Is a Formal Return Required?

The Court of Federal Claims looked at two key cases: Wertz v. United States and Libitzky v. United States. Both cases dealt with whether an informal claim can use the three-year deadline without a tax return.

In Wertz, another judge on the Court of Federal Claims held that an informal claim must be filed within two years of the tax payment to be timely when no return has been filed. The court said that while the IRS can waive its requirement that a claim be filed on the correct form, it cannot change Congress’s statute of limitations, which represents a waiver of sovereign immunity.

In Libitzky, the Ninth Circuit separated the “limitations period” in Section 6511(a) from the “look-back” period in Section 6511(b). The court defined a “refund claim” as a request for a refund of an overpayment, and the “tax return” as the formal filing with the IRS. The court held that an informal claim filed before a tax return must meet the two-year deadline.

After reviewing these cases, the Court of Federal Claims in McDow agreed with Wertz and Libitzky. The court said the statute requires filing a formal tax return to get the benefit of the longer look-back period. When a taxpayer files an informal claim before filing a tax return, that informal claim must be filed within two years of the tax payment to be timely.

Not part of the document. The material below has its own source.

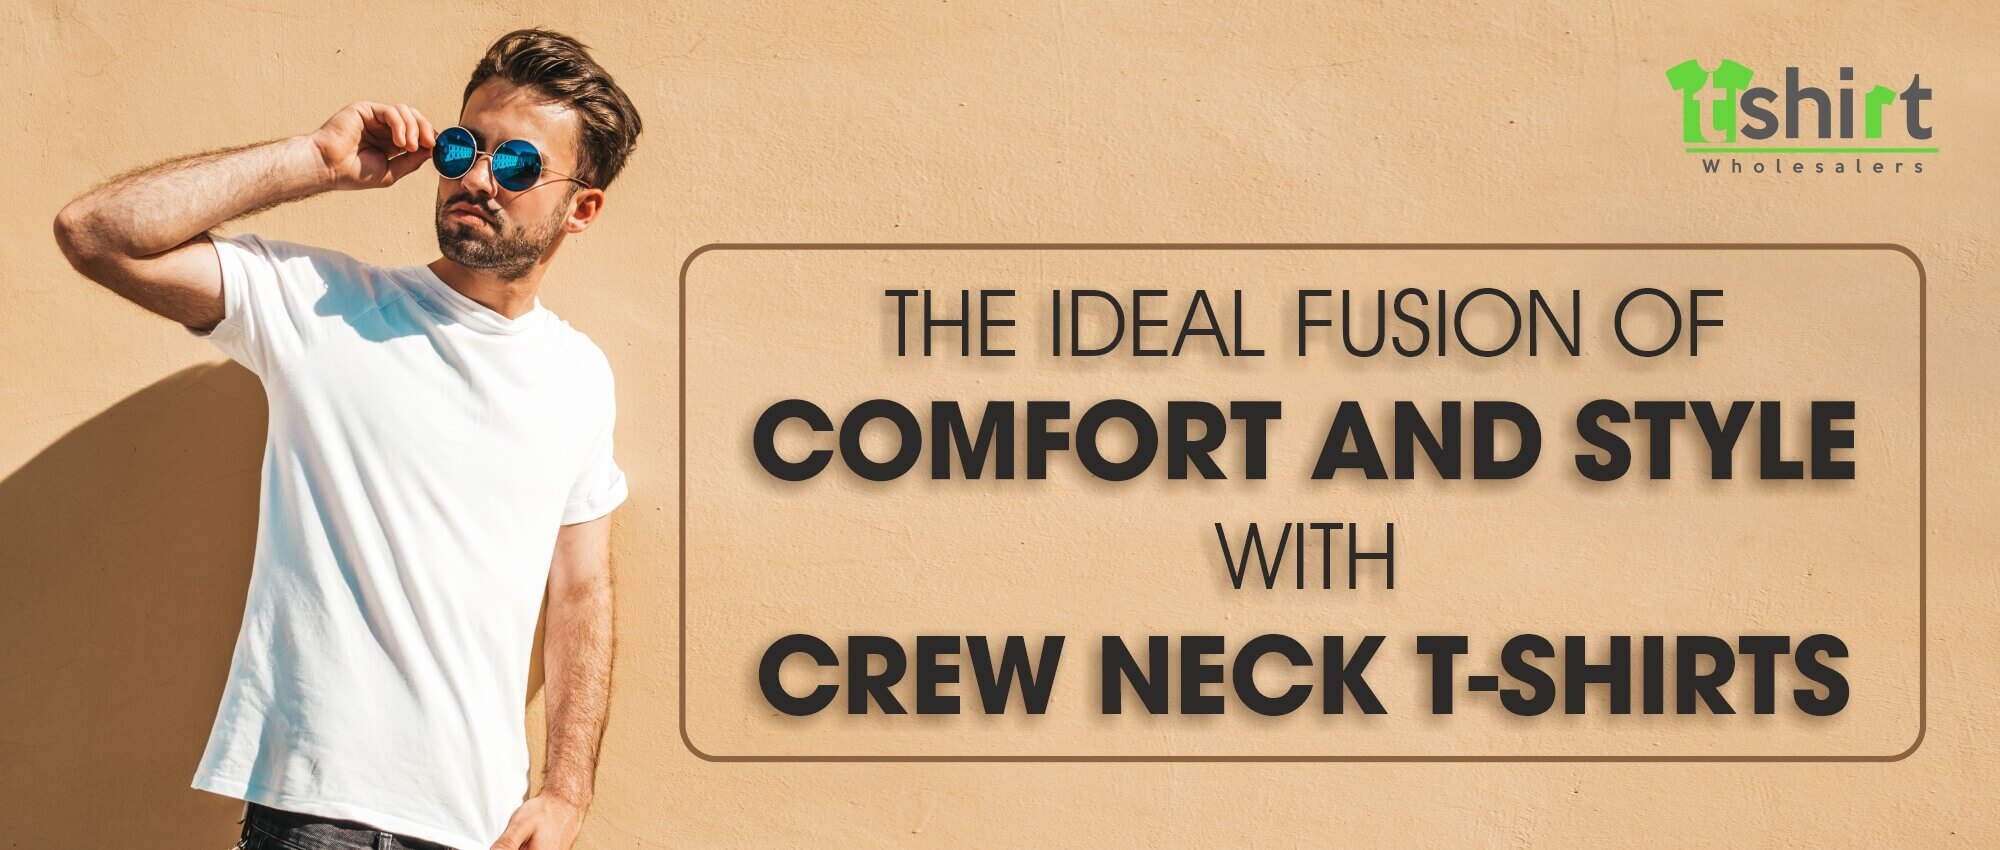 THE IDEAL FUSION OF COMFORT AND STYLE WITH CREW NECK T-SHIRTS

Why Did the 2013 Refund Claim Fail?

When the court applied this to the case, it found that the informal claim for 2013 was untimely. The taxpayer filed Form 843 in December 2016, more than two years after the January 2014 payment to the IRS. While the form might have qualified as an informal claim, it was filed too late to meet the two-year deadline.

The taxpayer also argued that his attempted April 2015 electronic filing should count as a tax return for purposes of the statute of limitations, which would give his Form 843 the benefit of the three-year period. But the court rejected this argument. The court noted that because the IRS rejected the filing, the taxpayer needed to refile. Since the IRS did not consider the rejected filing as a valid return, and the taxpayer did not formally file a return until 2018, the informal claim was subject to the stricter two-year deadline.

The court emphasized that when an electronically filed tax return is rejected, the taxpayer must refile for it to be considered filed. This puts the responsibility on taxpayers to ensure their electronic filings are accepted rather than assuming rejected submissions count as filed returns.

The Takeaway

This case clarifies how the informal claim doctrine works with Section 6511’s timing requirements. An informal claim filed before a tax return must meet the two-year deadline from payment to be timely. This preserves the difference between claims and returns while still allowing the informal claim doctrine to work as an equitable remedy in appropriate cases. For taxpayers seeking refunds, the message is clear: file tax returns promptly, follow up on rejected electronic filings, and watch the deadlines for refund claims. When electronic filings are rejected, taxpayers must act quickly to refile, as rejected submissions do not count as filed returns for purposes of extending the refund claim period.